I guess because there's been a lull in commentary about the egregious overreach of "human rights" commissions, the Canadian Human Rights Commission's chief commissar is wading back into the fray with efforts to preserve the detestable censorship provision Section 13 of the Canadian Human Rights Act.
Scaramouche, Five Feet of Fury and Mark Steyn are all over it. Mark writes:
Kathy Shaidle makes another point - that the CHRC is now Canada's largest publisher of racist commentary: It's the one-stop shop for all your racist needs. To take another point I made to Parliament:
Let me take the most recent example of a section 13 conviction. The sole charge on which Marc Lemire was found guilty a month ago was for a post that appeared at his website, written by somebody else. That piece was read by a grand total of just eight people in the whole of Canada, which works out to 0.8 of a Canadian per province, or if you include territories, 0.6153 of a Canadian. And almost all those 0.6153s of a Canadian going to this website and reading this piece were Richard Warman and his fellow dress-up Nazis at the Human Rights Commission, salivating at the prospect of having found another witch to provide more bounty.
In other words, no one in Canada saw this post. No one in Canada read it. Nothing could be less “likely to expose” anyone to hatred or contempt than an unread post at an unread website. Yet Canadian taxpayers paid for Jennifer Lynch and the Nazi fetishists at the commission to investigate this unread bit of nothing for six years.
In the course of securing this itsy-bitsy single conviction, these psychologically disturbed employees of the Human Rights Commission wrote and distributed far more hate speech of their own.
By the way, Kathy is absolutely right to reprint one of the "hate poems" helpfully anthologized by the CHRC. Aside from the fact that the author should have been prosecuted for his appalling false rhymes, the notion that material deemed not only criminal but dangerous if printed on a private unread web site can be disseminated perfectly legally by a far more widely read government website exposes the lie on which Commissar Lynch's lavish sinecure rests - that, if exposed to this material, the moronic citizenry would be rampaging down the 401 from one pogrom to the next.

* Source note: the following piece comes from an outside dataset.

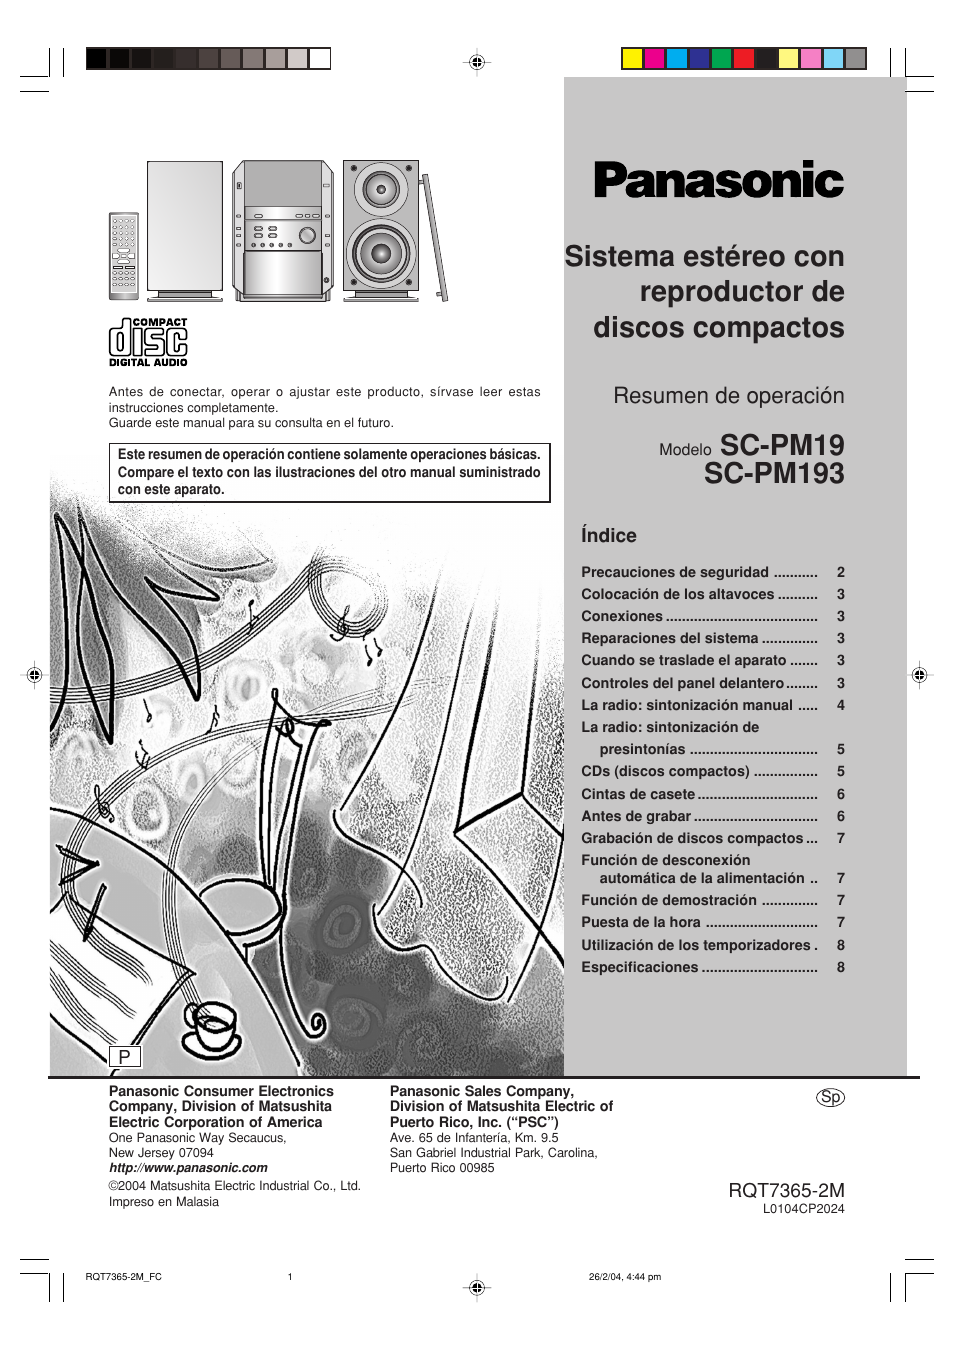 Panasonic SCPM19 Manual del usuario | Páginas: 8

No, they wouldn't. It's wholly irrelevant to the Queen's peace, but it's vital to control-freak conceptions of state power.
What's interesting is that under Section 13 as written there is no defense for truth and no defense for motive. The speech is deemed to be harmful because of its impact on designated minority groups, not on whether it is factually true or whether the person making the expression was inwardly motivated by hatred.
So, Jennifer Lynch et. al. could argue that their posting the tacky poem that got Mark Lemire into trouble is okay because their motivation is to show how hard they are working to rid the world of hate speech. But no, she is in violation of Section 13 as it is written.
If a magazine or a blog posts the poem for journalistic reasons, those motives would not count for a hill of beans under Section 13 and the latest postmodern "human rights" thinking if some interest group decided to make an example of you. Mark Steyn got hauled before three jurisdictions for accurately quoting Imams and citing accurate statistics about demographic trends. Truth is no defense, neither is motive under these various "human rights" codes. And clearly there are people out there who like filing complaints merely for the hassle it causes.
Yeah, yeah, the CHRT has "written in" Taylor and Jennifer Lynch has smiled her Cheshire-cat smile in agreement, while at the same time appealing the CHRT Lemire decision. What other reason than to back the previous status quo? Or to say that Lemire's poem was so hateful that it did fit the definition.
You see, the open-ended Section 13, even interpreted by the penumbra of Taylor, (which does speak to motive and narrows what constitutes hate speech) gives power to folks like Lynch that makes her the chief arbiter of what one is allowed to say or publish in Canada. It also gives activists of various stripes can use to punish their political opponents through lawfare.
Here's what the CHRC is saying now:
5.1 Definition of hatred and contempt - The Commission applies the restrictive definition of hatred and contempt established by the Supreme Court of Canada in the Taylor case. Applying this definition ensures that the exercise of the Commission’s mandate does not offend the Charter.
This means that in order to come within the ambit of section 13, the communication that is the subject of the complaint must be so excessive and extreme in nature that it suggests that a given race, sex, religion or other group identifiable in relation to one or more grounds in the CHRA is devoid of any redeeming qualities as human beings. If the message does not meet this threshold, it will not be found to come within the ambit of section 13, notwithstanding that the message is offensive, controversial, shocking or disgusting to some.
But then it thought Lemire's poem fit the bill. You can read the poem on the CHRC site here.
It goes on to talk about non-whites and people with turbans etc. displacing whites. It's the kind of stuff that would make me not want to read Mark Lemire's site and possibly explains why his readership was so low.
But should this be against the law?
Do you want Jennifer Lynch deciding? What about a legitimate news story on how some ethnic groups might be using welfare and Canada's generous family class programs to abuse our system?
Where does it end?
And then, how come you never see any human rights commission taking action against signs in downtown Toronto or Calgary talking about killing the Jews?